FIG. 1 shows in schematic form a system 100 with a motor vehicle 102, a server 104 in a backend for the vehicle 102, and a mobile device 106 of a user 108, who can be an owner (“owner” according to CCC) or driver of the vehicle 102, i.e., a digital vehicle key 110 for the vehicle 102 is stored on the mobile device 106. The system 100 further comprises a mobile device 112 of a user 114 to whom a derived vehicle key 116 for the vehicle 102 is to be assigned (‘friend’). A backend for the mobile device 110 is shown in the form of a server 118.

In the following, the reference symbol “104” is used both to generally designate a backend 104 or the backend 104 for the vehicle 102, and to specifically designate the server 104, which can be operated by a manufacturer of the vehicle 102. The server 104 may also be a plurality of interconnected servers, e.g., separate servers for a key management service, a technical key management service, etc.

In the same way the reference sign “118” is hereinafter used to refer to generally one or the backend 118 for the mobile device 112 as well as used to refer to the backend 118 for the mobile device 112 as well as used to refer specifically to the server 118. The server 118 can be operated by a manufacturer of the mobile device 112.

For the purposes of the assignment procedure upstream of the keys 116 to be assigned, the mobile device 104 is referred to below for the sake of clarity as the sharing, issuing, or sending mobile device 104, and the mobile device 112 is referred to as the intended, accepting or receiving mobile device 112.

The mobile device 106 has at least one secured environment or a secured element (not indicated in FIG. 1), in which there can be an HSM (“Hardware Security Module”), TPM (Trusted Platform Module”), a “Secure Enclave”, a TEE (“Trusted Execution Environment”) and/or a secured element (“Secure Element”), etc. In such a secured environment, the electronic, cryptographic, or digital vehicle key 110 can be stored.
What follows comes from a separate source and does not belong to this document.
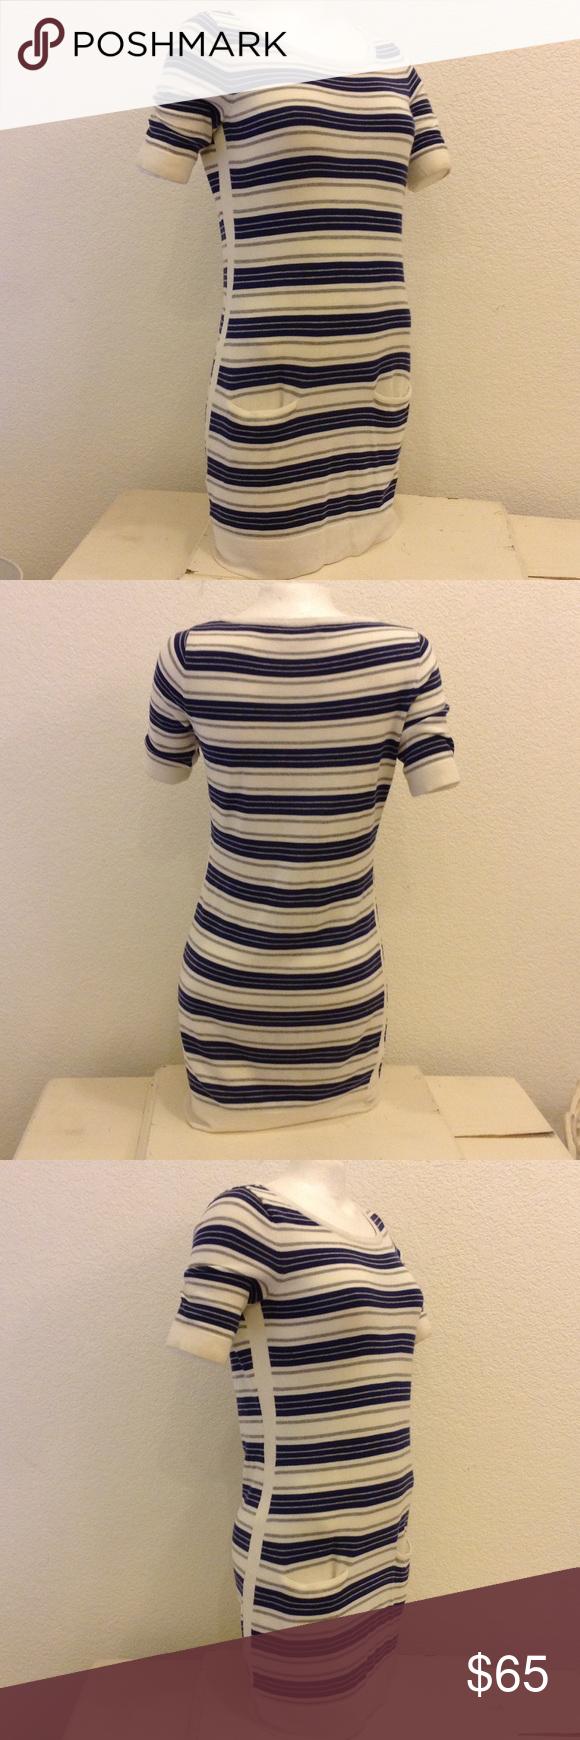 "Rag & Bone Striped Knit Dress Navy, gray and Ivory striped dress, short sleeves, front pockets, side stripe panel, 34"" long. rag & bone Dresses"

The mobile device 112 also has at least one secured environment as described above. In this environment, the shared, assigned, or derived vehicle key 116 can be or become stored. Occasionally, for the sake of clarity, this does not refer to a “shared vehicle key” but in short form merely of a “shared key”.
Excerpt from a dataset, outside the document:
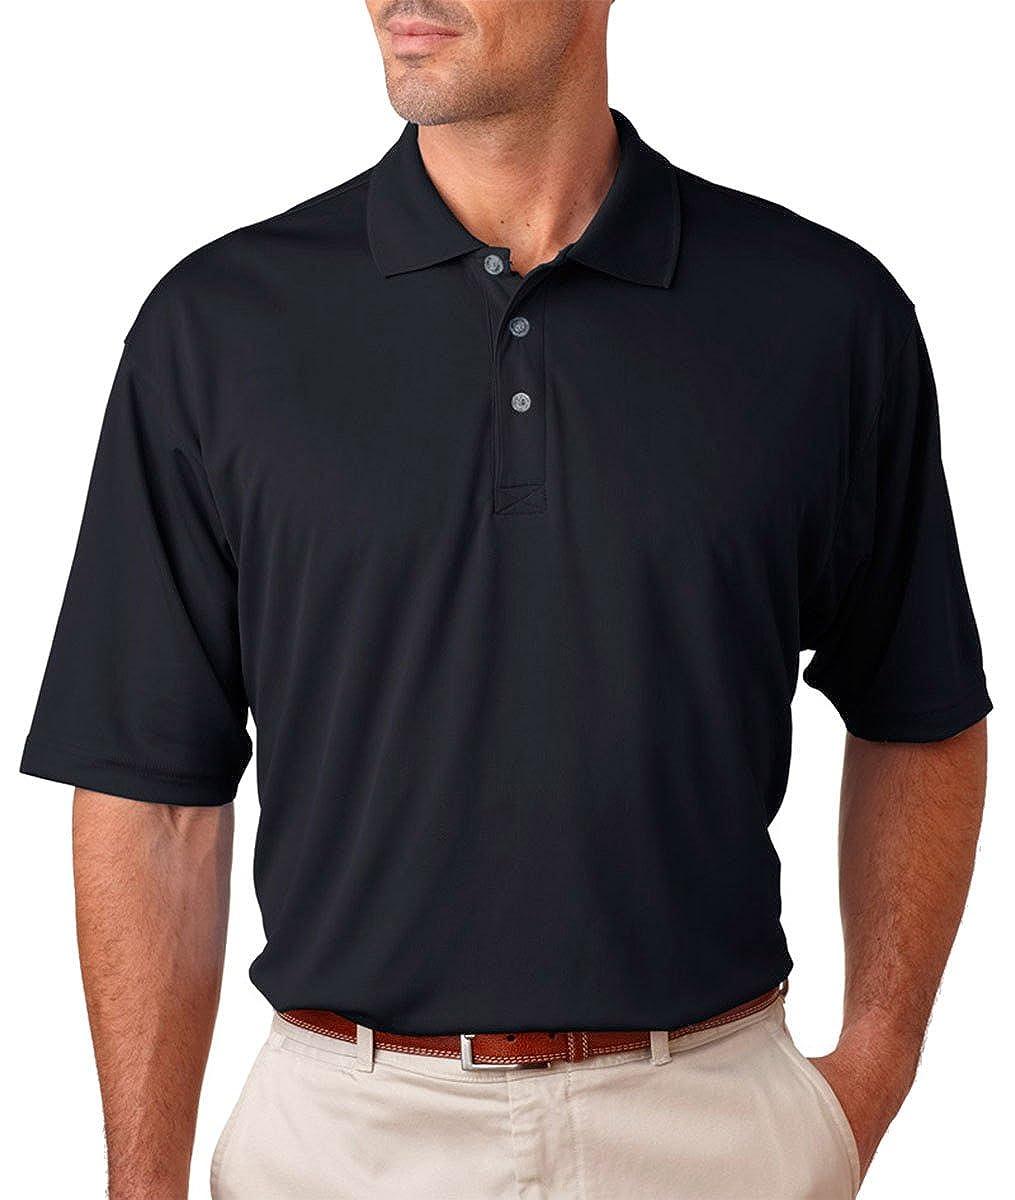 online shopping WANGSHUIJUN Women Seamless Sport Shirt

A method for sharing a digital vehicle key, i.e., for setting up a derived vehicle key and storing the derived key on a mobile device of the (fellow) user, can be based on trust, e.g., personal acquaintance, family affiliation, affiliation with a small company, etc. However, technical measures are required to ensure that sharing a vehicle key is conceivable in other, less personal relationships to ensure that a shared key is actually stored on the intended mobile device (e.g., on a mobile device of an employee of a garage, a valet or parking service), or at least on a mobile device that is assigned to an intended user account (e.g., a user account of a garage or a valet parking service).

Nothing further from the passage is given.